London Fire Brigade

Firework warning a year after woman nearly dies in fire

01 November 2016

We are urging people not to play with fireworks, one year on from an incident that saw a woman nearly lose her life after a lit firework was fired from a car through her bedroom window in east London.

Donna Stringer, who was 43 at the time of the incident, was asleep in bed at her residential care home on Beccles Road, Barking.

The firework smashed through her window and caused a serious fire, which firefighters attended in the early hours of 13 November 2015.

Crews rescued Donna, who was unconscious, and she was rushed to hospital by ambulance.

Donna was left fighting for her life and spent two months in a burns unit at Broomfield Hospital. 

Her horrific injuries included severe burns to her throat, arms, hands and chest. Doctors had to give her skin grafts on her throat and for months she could only be fed via a tube.



Damage to Donna's care home bedroom following the incident


On Thursday 15 December 2016 two men were sentenced at Snaresbrook Crown Court, the same court where they were on trial on Monday, 26 September 2016 and pleaded guilty to destroying and damaging property and recklessly endangering life.  

Sabbir Ahmed, 23, of Doveton Street, Bethnal Green was sentenced to six years’ imprisonment and was ordered to pay £500 in compensation.

Muhammad Aktaruz Jaman Khan, 23, of Rickman Street, Bethnal Green was sentenced to six years and four months’ imprisonment and was ordered to pay £2,100 in compensation.

Shocking footage of the men firing fireworks from a car on the night of the incident was released during the trial. The pair are expected to be sentenced at the end of this month.



Deputy Assistant Commissioner for Fire safety at London Fire Brigade, Andy Hearn, said: "This incident and the resulting prosecution is a shocking but timely reminder that fireworks are dangerous and should be used very carefully.

"Donna was nearly killed and has endured months of painful treatment because people were playing with fireworks.

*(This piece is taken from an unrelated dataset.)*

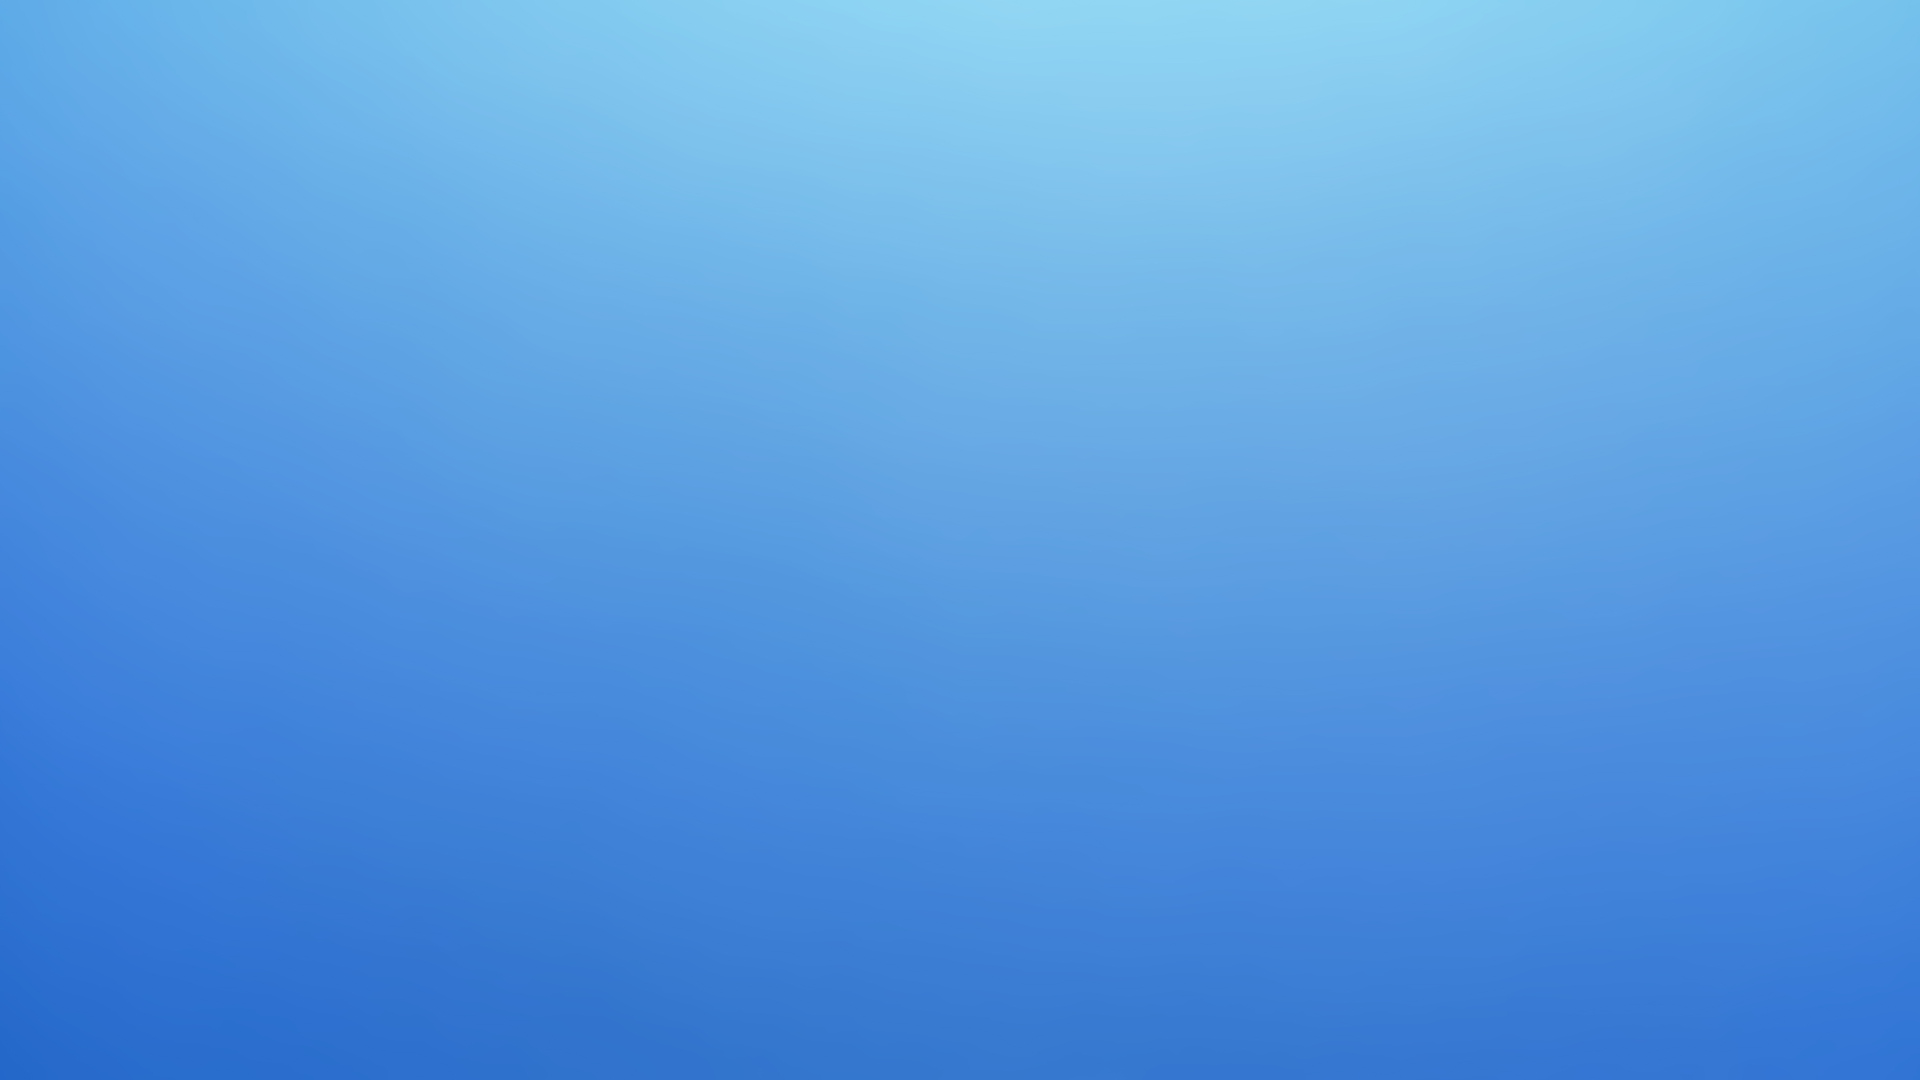 blue sky brigtht to the top 1920x1080

"Our advice is to follow the Firework Safety Code and to attend organised displays, rather than setting off your own."

Detective Inspector Niall McSheffrey, of the Met Police, said: "Fireworks are explosive devices and can cause severe damage and permanent harm to others.

"The defendants in this case treated fireworks like toys. They not only endangered themselves but others. They did not consider the consequences of firing rockets from a car at residential properties."

'Don't be stupid with fireworks'

Donna's mum, Jean Stringer, said: "Donna can't speak so we don't know what she saw but I can only imagine how much pain she was in and that really upsets me.

"She has all these injuries on the insides of her body. Goodness knows what she thought when she finally woke up from sedation and found herself in hospital with all these machines and tubes attached to her. 

"My message to people is don't be stupid with fireworks.



Donna in hospital, having sustained life-changing injuries.


"I don't think they should be sold in shops. When I hear them now it's like bombs going off.

"Getting that phone call at 1am in the morning to say what had happened was the worst phone call of my life. We didn't know what to expect, I'll never forget it."

The Brigade said its crews have already attended one serious fire caused by a stray firework this week. Six fire engines attended the blaze in Ealing, which damaged two gazebos and part of a house.

Firework safety

The Brigade is urging the public to attend organised firework displays this Bonfire Night.

However, for those planning on hosting their own event, always follow the Brigade's bonfire and firework safety advice, including:

  • Only buy fireworks marked with the British Standard Kitemark BS7114.
  • Never drink alcohol if setting off fireworks.
  • Keep fireworks in a closed box and always follow the instructions carefully when using them.
  • Light them at arms length using a taper and stand well back.
  • Never go back to them once they are lit. Even if a firework hasn't gone off, it could still explode.
  • Never throw fireworks and never put them in your pocket.
  • Respect your neighbours – don't let off fireworks late at night and remember there are laws to follow.
  • Take care with sparklers – never give them to children under five. Even when they have gone out they are still hot, so put sparklers in a bucket of water after use.
  • Keep your pets indoors throughout the evening.